Immigration 2018 Year in Review for Employers
2018 was one of the most significant years in recent memory with a number of seismic changes to visas, immigration and compliance for employers. With the new year upon us, it’s a good time to look back at the main changes.
We have compiled a list of the top 7 immigration and compliance changes for employers below:
1. Abolition of 457 Visas
The 457 visa was abolished in March 2018, and replaced with the Temporary Skills Shortage or TSS Visa.
The TSS visa is in general more difficult to obtain and more restrictive than the 457 program, and in particular:
- Higher standards of Labour Market Testing apply
- A minimum of 2 years of work experience is required
- Where the occupation is on the STSOL, only one onshore extension is possible
- Application fees are higher
Looking at the application rate for 457 and TSS visas, there has been a significant drop-off in the 457/TSS application rate.
For the first time, there were more bridging visa holders than temporary employer sponsored visa holders in Australia. We expect employers to rely less and less on employer sponsorship going forward, instead relying on other temporary visa types such as bridging visa, working holiday visas and student visa holders.
2. Work Rights for Working Holiday Visas
Changes to the working holiday program were made in November 2018 to support regional employers, including:
- Work for up to 12 months (rather than 6 months) in animal and plant cultivation
- Expanded eligibility for a second Work and Holiday visa
- Possibility of a third working holiday visa for 6 months work in a regional area
- Increase in the age limit for working holiday makers from Canada and Ireland to 35
- Increase in application caps for work and holiday subclass 462 applications from certain countries
3. Naming and Shaming of Employers in Breach of Migration Obligations
From August 2018, the Home Affairs Minister can publish information about employer sponsorship who have breached their obligations.
The Minister does not need to comply with any natural justice considerations in publishing such information, and is not liable for any civil damages which result by this disclosure.
This makes the risk of damage to employer reputation and brand more acute – raising the bar for employer compliance when it comes to immigration.
4. Data Matching with ATO
Single Touch Payroll now applies to all employers – regardless of size – from July 2018. This means that the earnings and tax file numbers of all staff is reported to the ATO on each payroll cycle.
Employees must declare a Tax File Number when applying for most employer sponsored visas from August 2018. This makes data matching between the ATO and Department of Home Affairs more straightforward. The ATO has announced that it will use data matching to audit up to 20 million visa holders.
These changes mean that employers who have staff working in breach of visa conditions can accordingly expect a much more prompt follow-up from the Department of Home Affairs.

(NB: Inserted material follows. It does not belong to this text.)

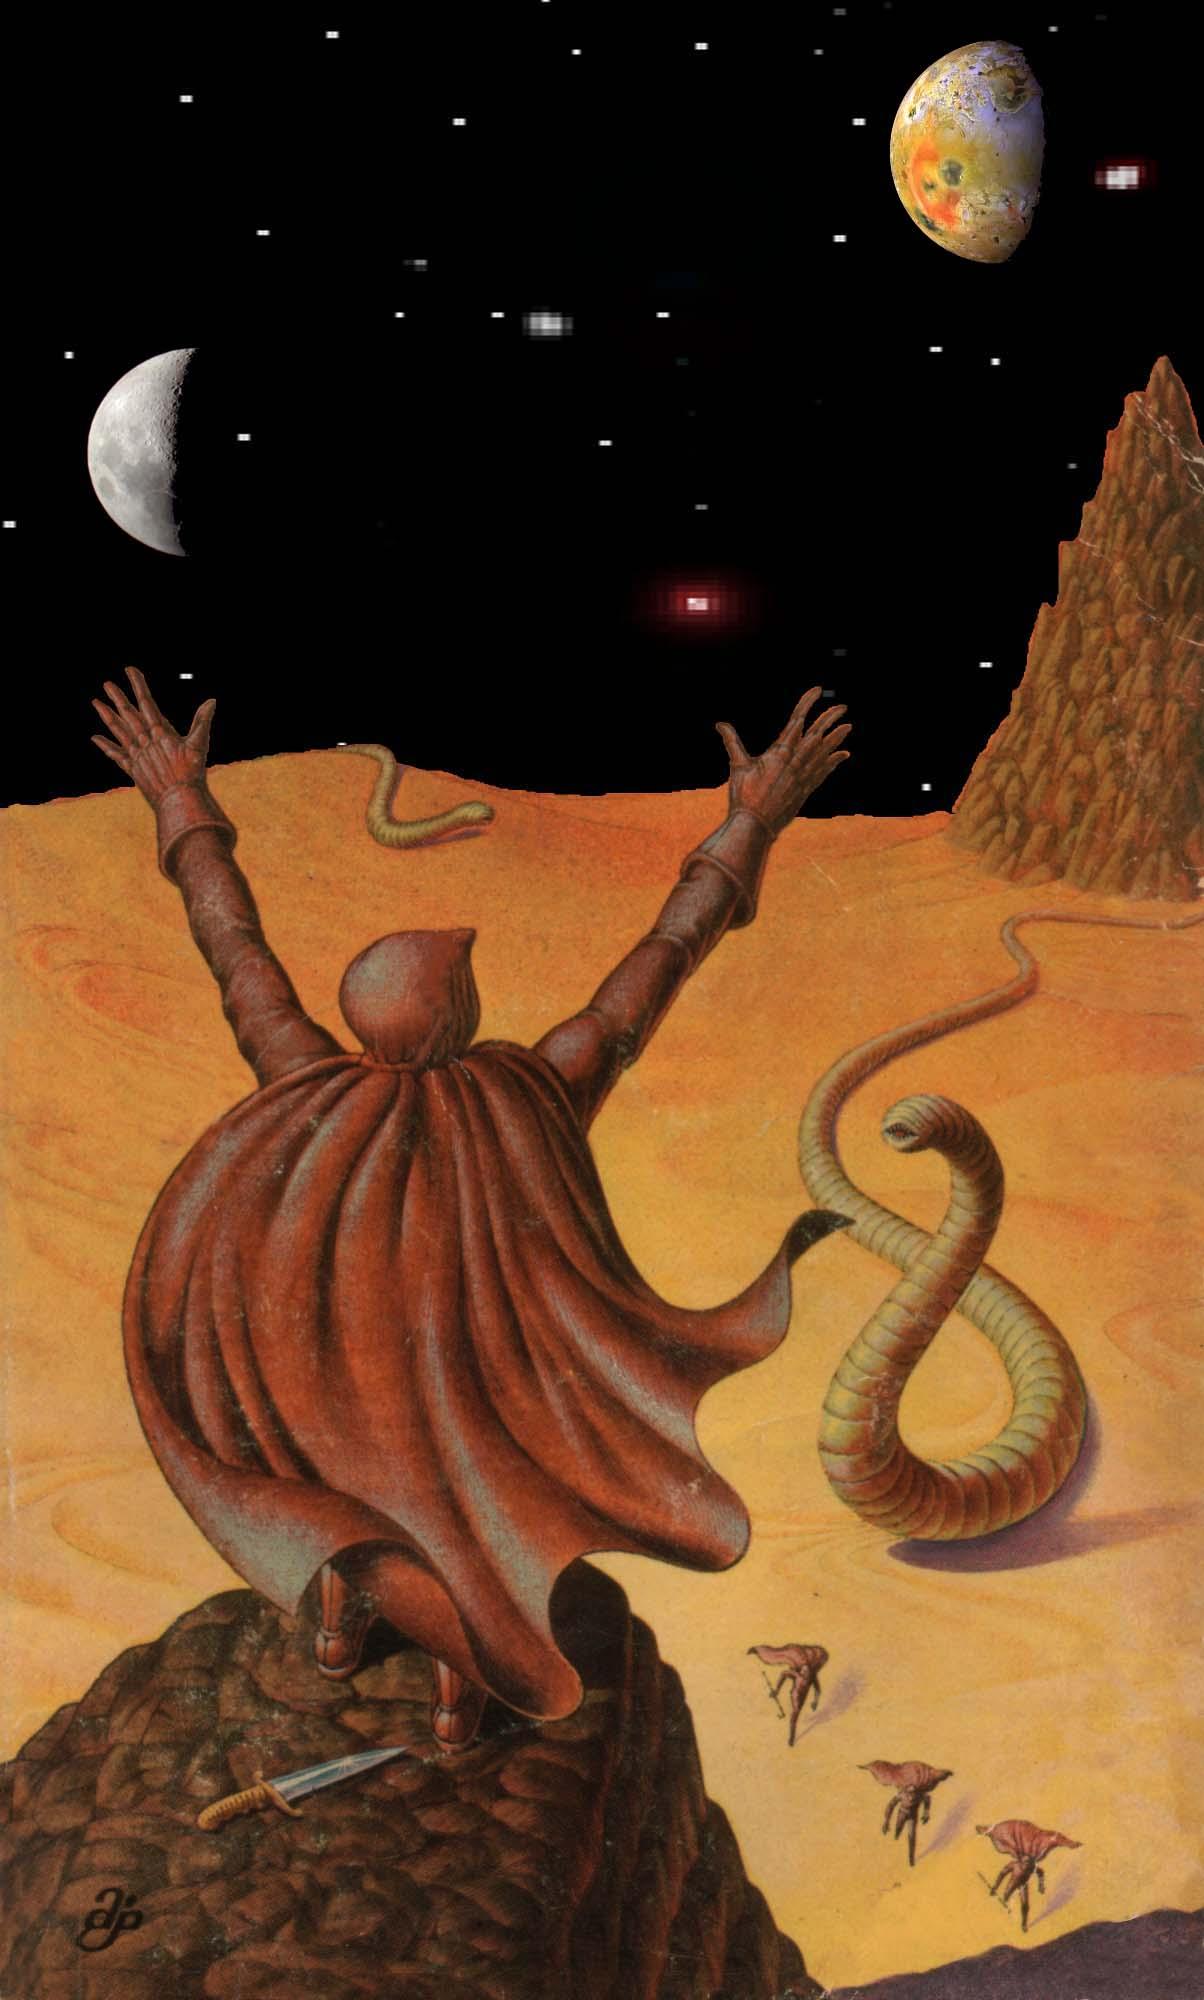 DUNE: Paul-Muad'Dib and the Worms (Art by John Schoenherr... Computer Embellishments by J.C. Maçek III)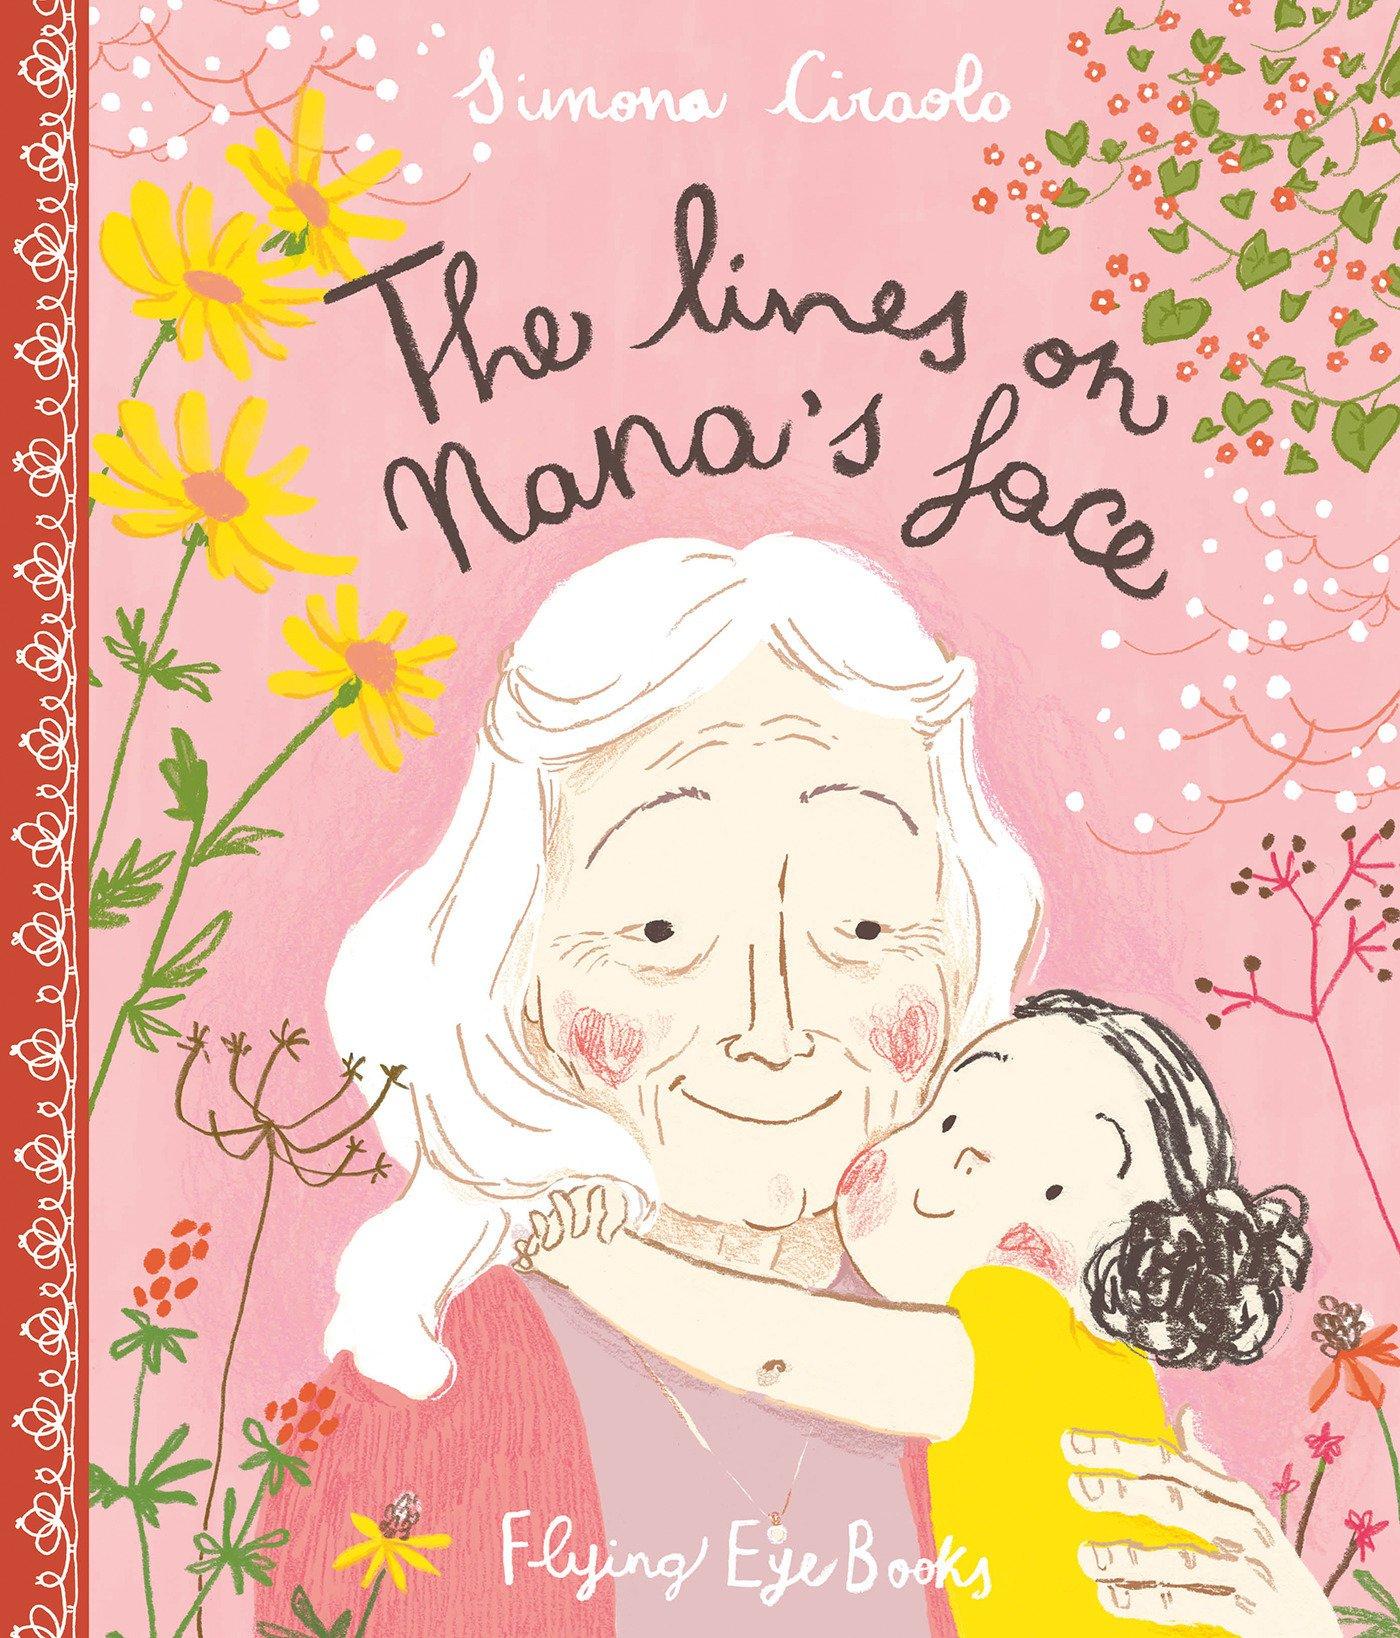 Lines On Nana's Face By Simona Ciraolo

5. Skilling Australia Fund/Training Obligation for Sponsorship
The Skilling Australia Fund became effective in August 2018. This means that applications for employer sponsored visas – both temporary and permanent – will also require payment of a levy. This can be quite significant, with the rate for permanent visas being up to $5,000 per application.
As a consequence, from August 2018 the training obligation no longer needs to be evidenced when applying for temporary and permanent employer sponsored visas.
Whilst the reduction in paperwork to prove training compliance is significant, the high training levy may reduce the willingness of employers to sponsor staff.
6. Regional Migration
In keeping with an emphasis on regional migration, three new Designated Area Migration Agreements (or DAMAs) were announced in 2018:
- Northern Territory DAMA: including a PR pathway
Great South Coast DAMA (Warrnambool region of Victoria)
- Orana DAMA (Dubbo region of NSW)
The DAMAs allow employers operating in these regions to sponsor workers in a wider range of occupations than is usually possible under the TSS program.
7. Permanent Employer Sponsorship More Difficult
The final tranche of changes to the permanent employer sponsored program came into effect in March 2018. These include:
- Minimum work experience of 3 years for RSMS and ENS program
- Minimum salary requirements
- Exclusion of Perth from RSMS program
Holders of 457 visas as of April 2017 have “grandfathered” status and may be eligible for ENS and RSMS under the previous rules for temporary residence transition stream (TRTS).
The impact of the minimum work experience requirement has been felt particularly sharply in regional areas such as South Australia which relied heavily on international students with minimal work experience to meet program numbers.
Overall, the trend for 2018 has been make it more difficult for employers to sponsor staff for temporary and permanent visas.
Compliance remains a focus, with more effective data matching with the ATO and a new “name and shame” sanction for employers caught doing the wrong thing.
On the other hand, there seems to be a will to support regional employers with changes to working holiday maker work rights and DAMAs making it easier for them to source lower skilled staff than other programs.